• [About this exercise]: Give back the whole listing exactly as written, pictures excluded.

• [Provided data]:
----
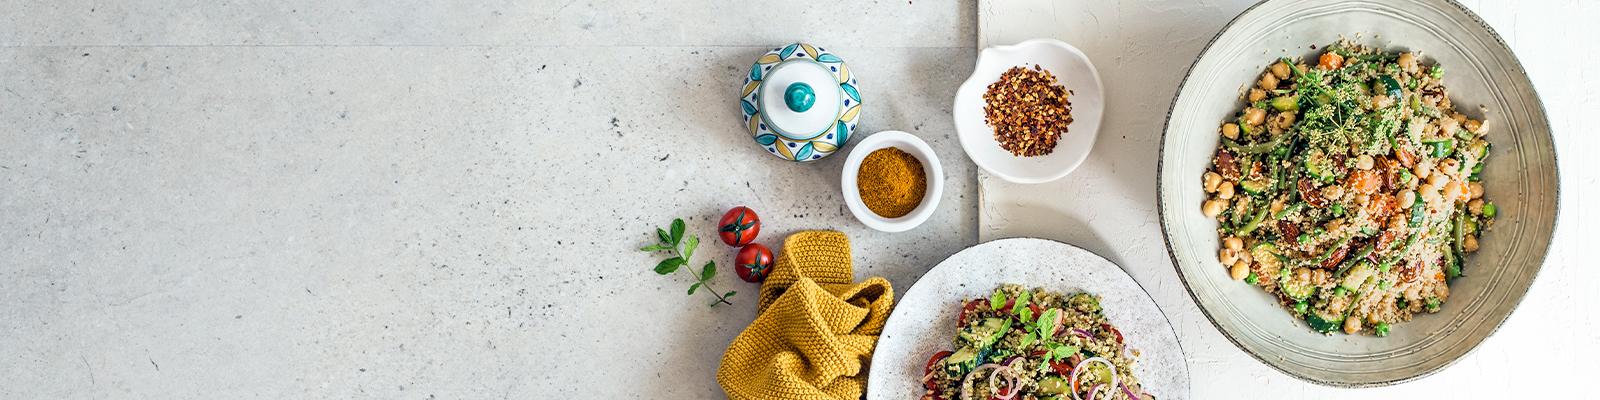 Pasta Garofalo - Just for a Change
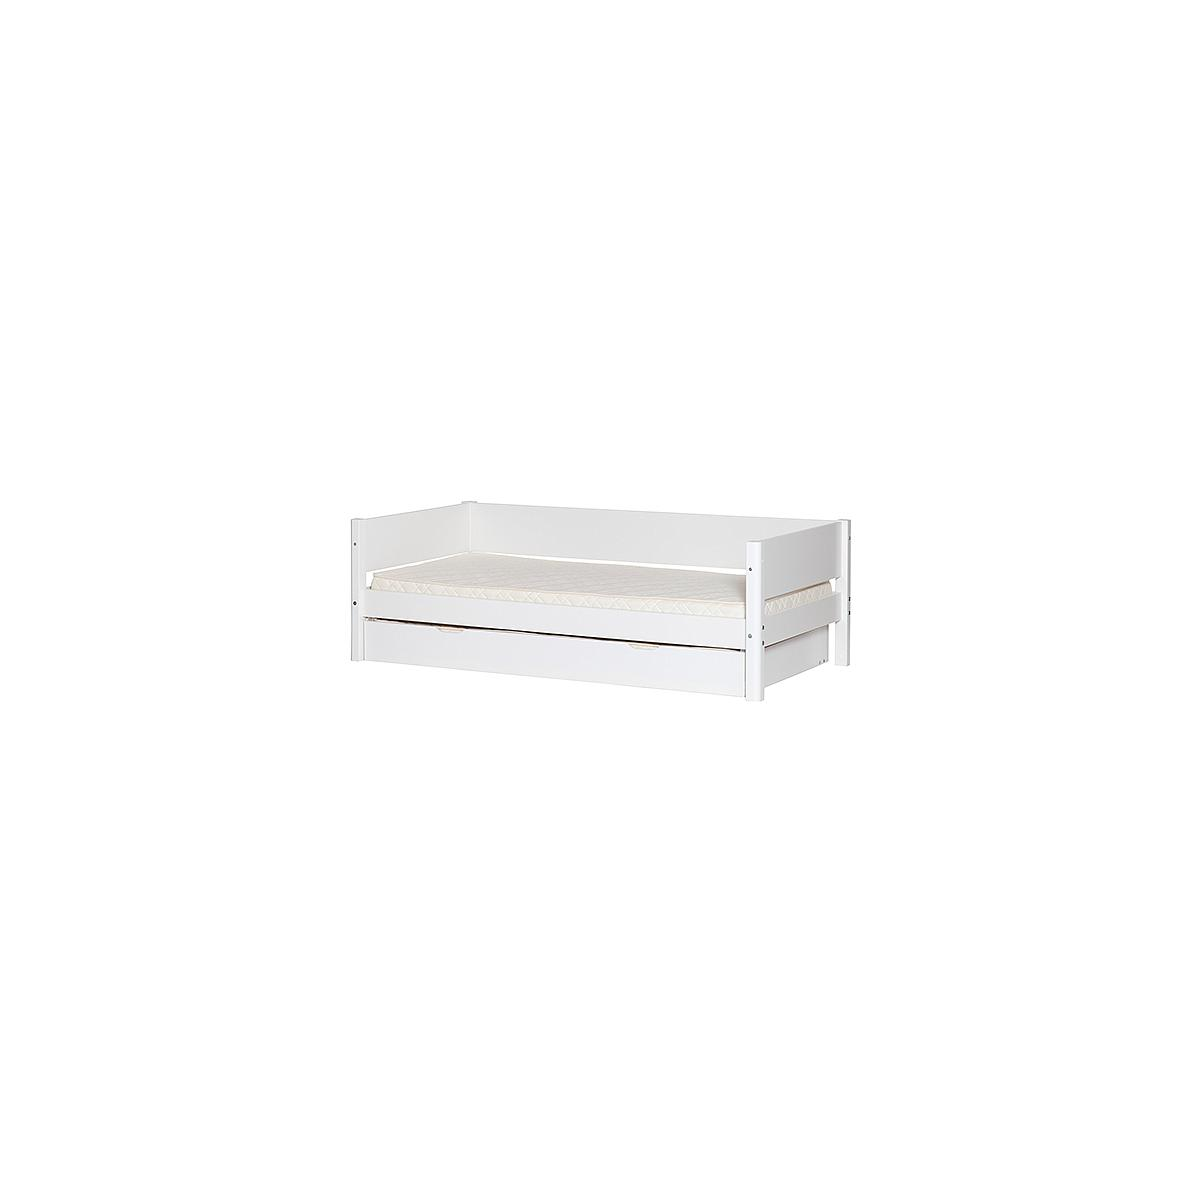 Barrera trasera Cama 90x190 cm WHITE blanca
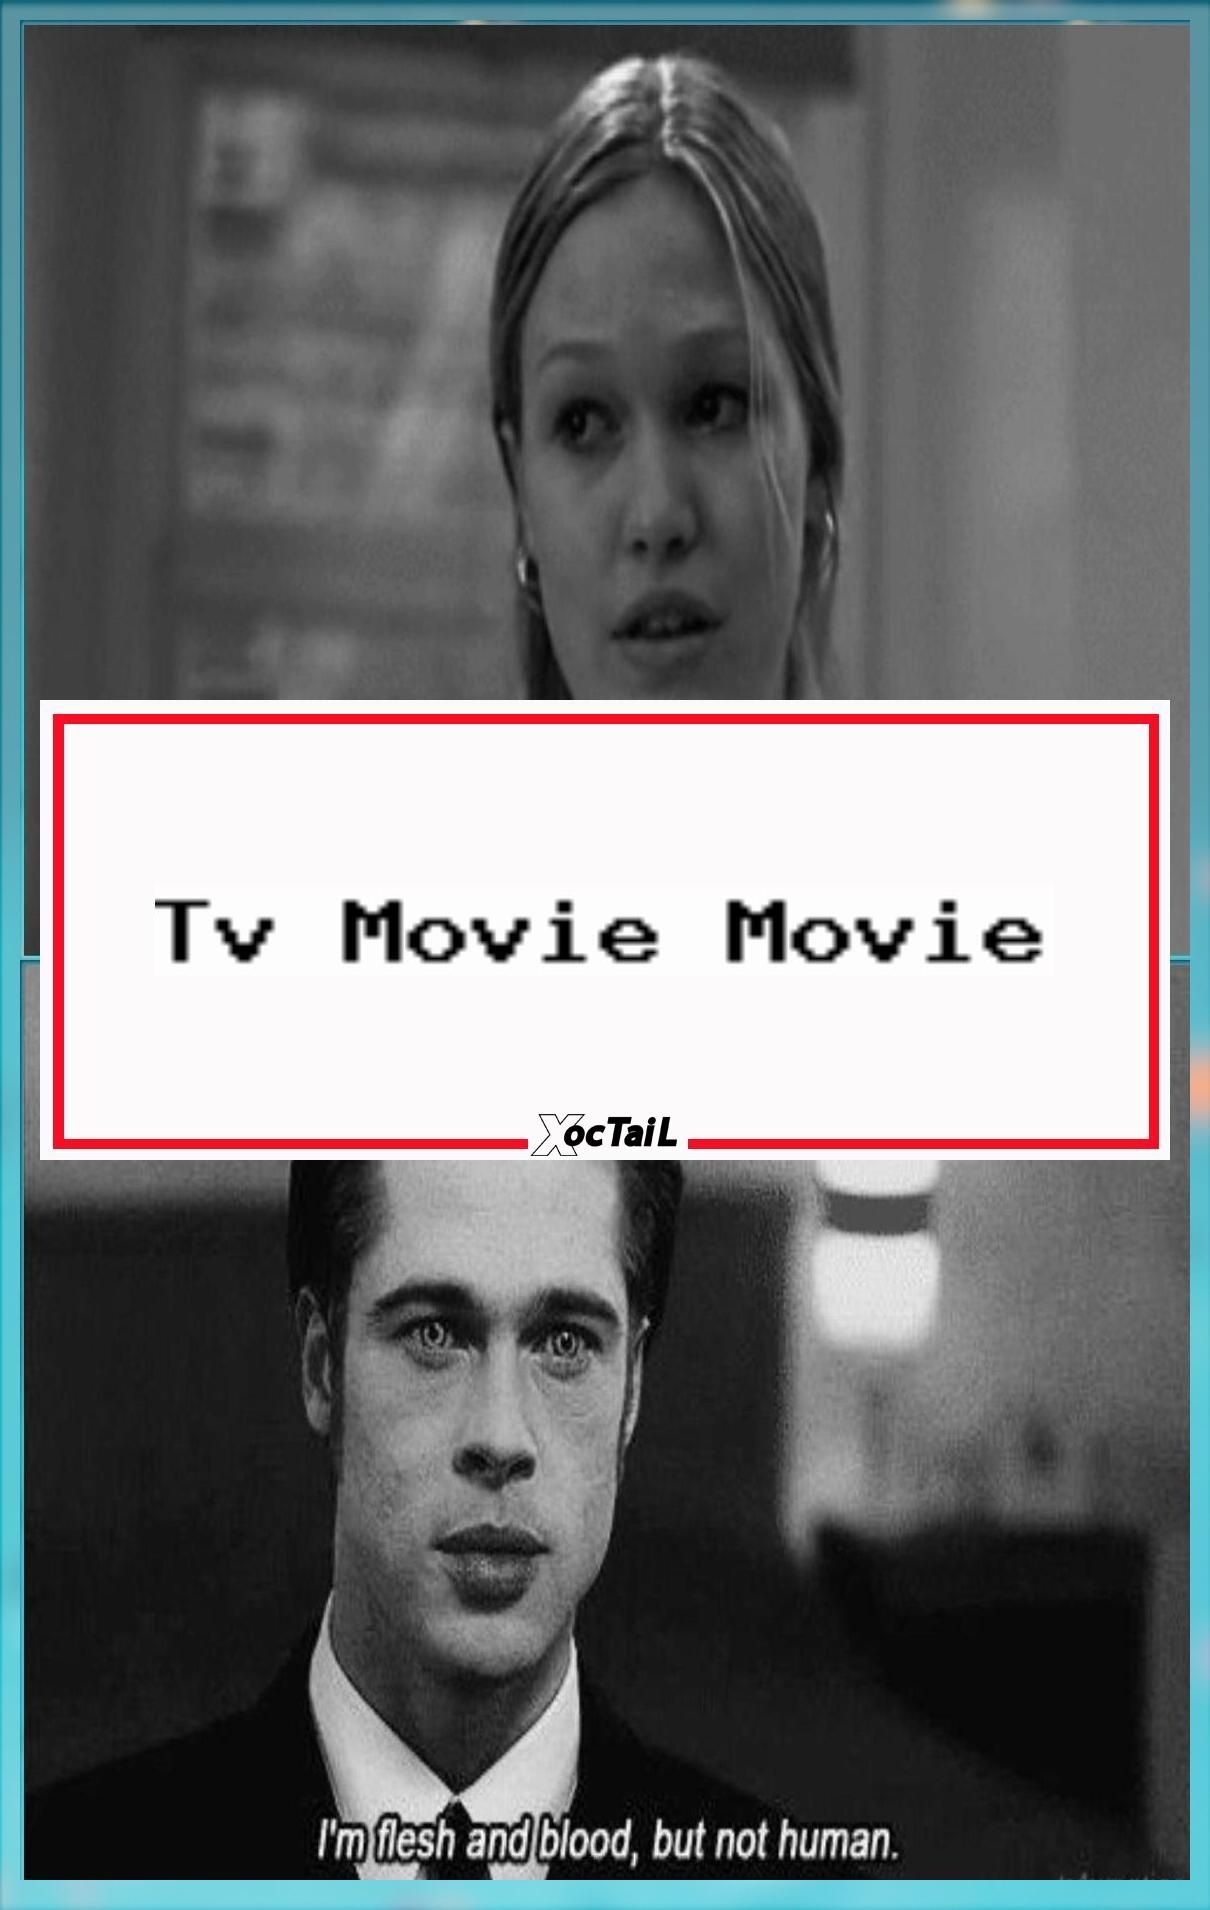 Tv Movie Movie Quotes Gif Find On Gifer Movie Quotes Funny Movie Love Quotes Popular Movie Quotes
----
• [Solution to this problem]:
 Pasta Garofalo - Just for a Change
 Barrera trasera Cama 90x190 cm WHITE blanca
 Tv Movie Movie Quotes Gif Find On Gifer Movie Quotes Funny Movie Love Quotes Popular Movie Quotes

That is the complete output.